The result? Finance ends up playing referee, trying to reconcile numbers that were never on the same field to begin with.
Why Finance is Uniquely Positioned to Build Operational Capacity
While it may seem like an operational or executive problem, breaking down silos starts with visibility—and no one has better visibility into the numbers than finance.
Finance teams already touch every part of the organization through budgeting, capital planning, ROI modeling, and performance analysis. You see the symptoms of silos every month when the numbers don’t add up. But you also have the authority and objectivity to ask the hard questions that directly impact operational capacity:
- Why are we carrying $2M in unused consignment inventory?
- Why are case billing delays spiking in certain regions?
- Why is our forecasting model constantly overshooting actual demand?
These aren’t just operational questions. They’re strategic ones—and finance has the data to illuminate where operational capacity is being wasted or underutilized.
Practical Ways Finance Can Lead the Effort
- Champion Cross-Functional PlanningDrive a formal Sales, Inventory & Operations Planning (SIOP) process where finance plays a central role—not just as a reporter of outcomes, but as a facilitator of accountability. This strengthens collaboration and expands operational capacity.
- Insist on System IntegrationPush for unified platforms or integrations that connect ERP, CRM, inventory, and case tracking systems. Fragmented tools feed silos. Connected data builds alignment—and improves operational capacity across the organization. (cough cough, Beacon, cough book a demo).
- Demand Outcome-Based KPIsEncourage teams to align on shared metrics—like case completion-to-payment cycle time, forecast accuracy, or inventory turns—that reflect collective performance and available operational capacity.
- Use Financial Models to Drive BehaviorModel out the cost of inaction: What’s the monthly revenue loss from case billing delays? What’s the holding cost of excess field inventory? Numbers highlight where operational capacity is bottlenecked and show teams the payoff of real change.
- Advocate for Operational ClaritySupport investments in process mapping, training, or technology that simplify cross-team workflows. Confusion about roles drains operational capacity. Clarity builds it.
The Strategic Payoff
When silos are broken, finance doesn’t just get better numbers. The entire organization expands its operational capacity and becomes more agile and resilient:
- Field reps have the right products where and when they need them.
- Regulatory submissions move faster because data is accurate and accessible.
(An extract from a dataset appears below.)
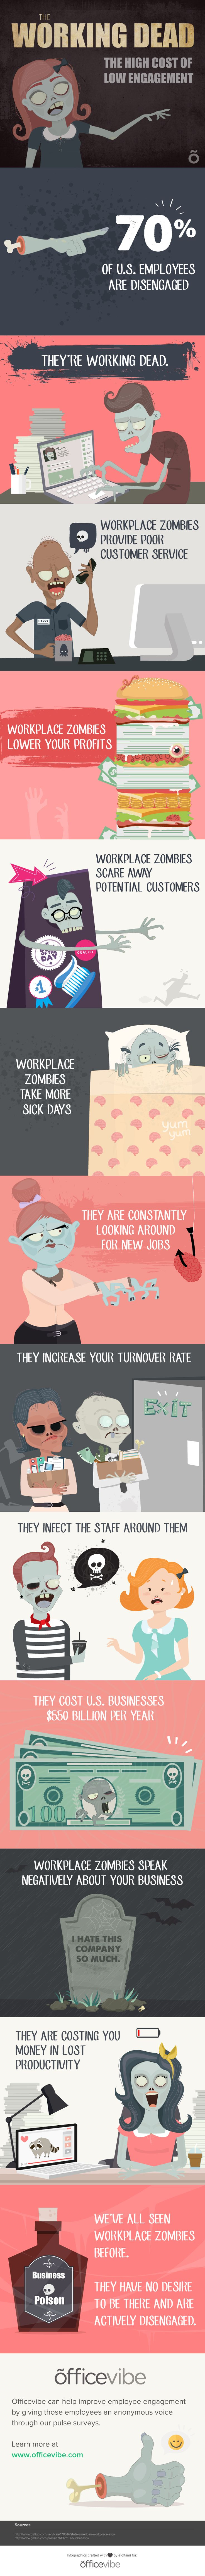 How Poor Management Creates Zombie Employees (Infographic)

- Cash flow improves as case-to-cash cycles shorten.
- Strategic planning becomes proactive instead of reactive.
And you, the CFO, move from being the bearer of bad news to a true architect of operational capacity and organizational transformation.
Closing Thought:
In medtech, where precision matters and the stakes are high, alignment isn’t a luxury—it’s a necessity. The companies that thrive in the next decade will be the ones that break down the walls between departments and build a foundation of shared visibility and accountability. Finance is uniquely positioned to intervene in the operational landscape, can solely see the complete financial burden of inaction, and holds the keys to the coffers to determine what will have the best ROI.
Finance can—and should—be the first team to pick up the hammer.